Некрополь
Шрифт:
Сейчас, в лучах чистого солнца, эти видения кажутся неправдоподобными, и я осознаю, что наши беспорядочные процессии навсегда ушли в нереальную атмосферу прошлого. Они станут темными тенями в подсознании человеческого сообщества и будут побуждать многих к слепому поиску утешения из-за смутного ощущения несправедливости, а, возможно, они заодно будут побуждать их, для того, чтобы избавиться от неясного упрека совести, к безрассудной, инстинктивно изуверской агрессии. Поэтому было бы хорошо, если бы гидам удалось оживить в воображении посетителей фрагменты прежнего зла, а впрочем, и это невозможно, поскольку потребовались бы легионы экскурсоводов, чтобы разбудить всех европейцев.
Я стою перед бараком и думаю, что он похож на сарай, в котором хранят инструменты и небольшие машины рабочие, асфальтирующие дорогу или строящие новое здание, но это сравнение опять породил летний свет. Когда я был тут два года назад, и столяр, заменявший гнилые доски на этой стороне, жаловался, что такая работа дело пустое, у меня появились другие ощущения. Конечно, мне было по душе, что французы так заботятся о деревянном памятнике, но вместе с тем я внутренне сопротивлялся светлым заплатам среди почерневших, подгнивших и рассохшихся досок. И не столько из-за цвета, ведь я знал, что рабочий закрасит новые доски и сделает их такими
Гравий опять шуршит под моими ногами, когда я направляюсь к лесистой стороне, где находится вход в самую таинственную часть этого приземистого здания. Однако вовсе не из-за камешков и воскресной обстановки эта массивная печь кажется мне не такой уж страшной. Из-за распахнутой настежь двери она похожа на зев мощной рыбы, толстого слепого дракона, перед которым поставили полку с колесиками, чтобы тарелки с едой могли быстро проскользнуть в его глубокую глотку; но мы умирали далеко от этого железного чудовища с раздвинутыми челюстями, и, за исключением тех немногих, которые приходили сюда с носилками, никто не имел возможности его увидеть. Я тоже вижу его впервые. Когда я был здесь в те дни, мы с Толей заходили только в нижнее помещение под ним. Надо сказать, что ощущение предначертанного судьбой ухода из жизни было в нас, в ядрах наших клеток, в нашем мозгу, в стеклянной влаге наших глаз. Дыхание неминуемого конца исходило также от этого мощного жерла совершенно определенно, но прежде всего оно поднималось из холодных глубин, где наша мысль сливалась с ощущением пожизненности нашего заключения. Когда, в конце концов, тело оказывалось перед головой этого металлического кита, оно было настолько обезвожено, что походило на странно изогнутые прутья. Тогда покойник уже полностью сливался со своими страхами, и когда его глаза широко раскрывались, их взгляд казался неподвижным вовсе не из-за языков пламени в растопленной пасти, ведь они уже давно пристально вглядывались в бесконечную пустоту и с этим пристальным взглядом остекленели.

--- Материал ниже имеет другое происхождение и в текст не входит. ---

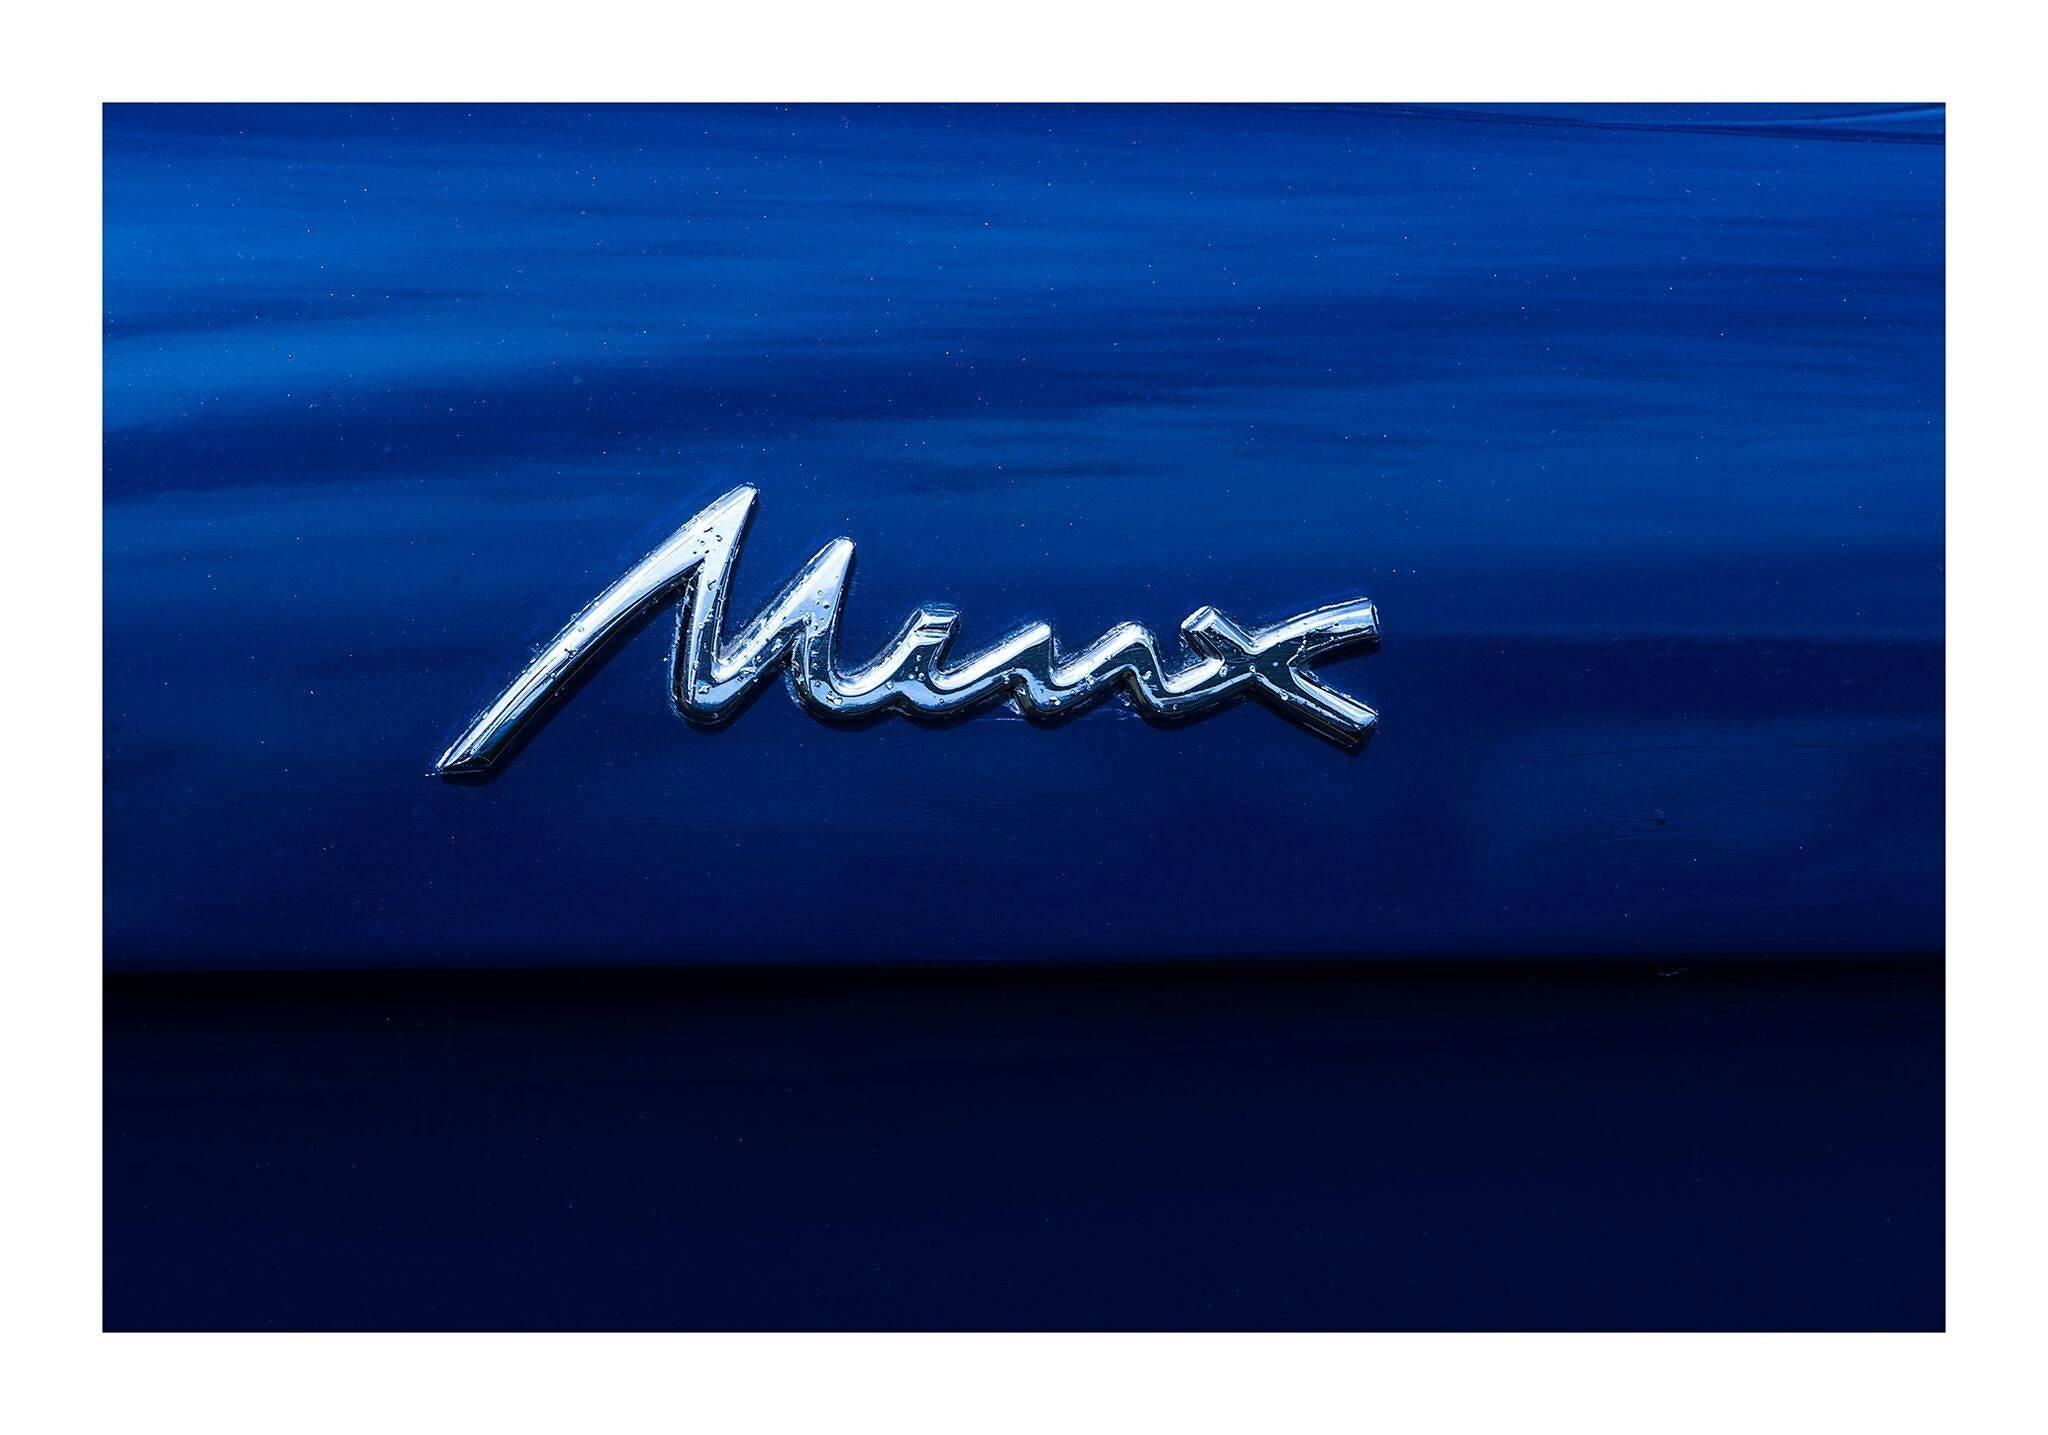 1960 Hillman Minx Series III Convertible - contemporary blue car lambda print
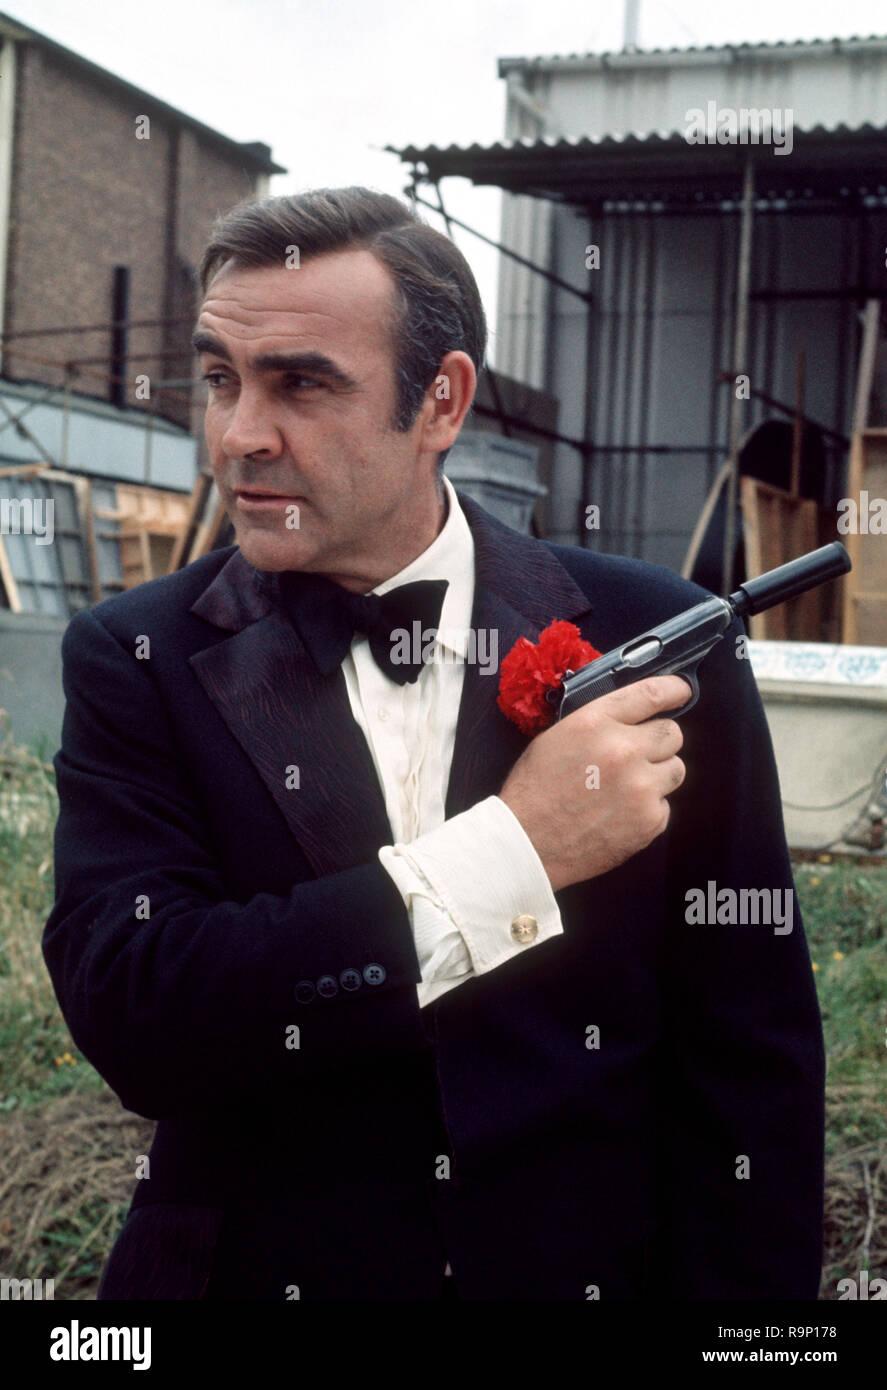 Archives - Sean Connery dans le film Juste cause, dArne

И поэтому перед этой гигантской пастью посетители потрясены еще больше. Сейчас они стоят перед машиной уничтожения, не требующей никакого усилия воображения. Каждый может увидеть, не нужно создавать внутри себя образ по рассказу экскурсовода; можно даже дотронуться до железа, можно попытаться сдвинуть одну из дверных створок, составленных из двух толстых щитов. Именно поэтому экскурсовод предупреждает: «Осторожно, не испачкайтесь — печь намазана маслом». И действительно, она вся блестит от смазки, так что похожа на списанный станок, вычищенный и нарядно украшенный, гордый своей многолетней безотказной работой. Но меня чуть не унесла волна туристов, и я отошел в сторонку. Думаю о предостережении гида быть внимательными, чтобы не испачкаться, но употребление этого глагола, хоть и уместно, вызывает во мне неприятие и еще больше отдаляет от множества людей, заполнивших помещение. А где-то установлен громкоговоритель, так что слова экскурсовода преследуют меня, хотя он все еще у печи. Он говорит спокойно, без надрыва и стремления потрясти слушателей, поэтому его деловое разъяснение не вызывает у меня протеста. «В этом большом четырехугольном котле, над печью, — говорит он, — нагревалась вода для душевой, которую вы видите через стеклянное окошко справа». Молодые люди толпятся у окошка, мне же кажется, что с нашей кожи еще стекает мыльная вода, желтая от шершавого как песок мыла, и что тела обессиленных тоже еще лежат на цементе и вздрагивают от горячих струй воды. И снова я думаю о том, что в то время не знал, чем истопник греет воду, и точно так же снова чувствую, что это открытие тогда совсем не изменило бы моего настроения. Эта бесчувственность отделяет меня сейчас от толпы воскресных экскурсантов. Вместе с тем мне кажется, что будто, подарив мне наслаждение теплой водой, покойники приняли меня в свое братство, более святое, чем все братства, порожденные верой.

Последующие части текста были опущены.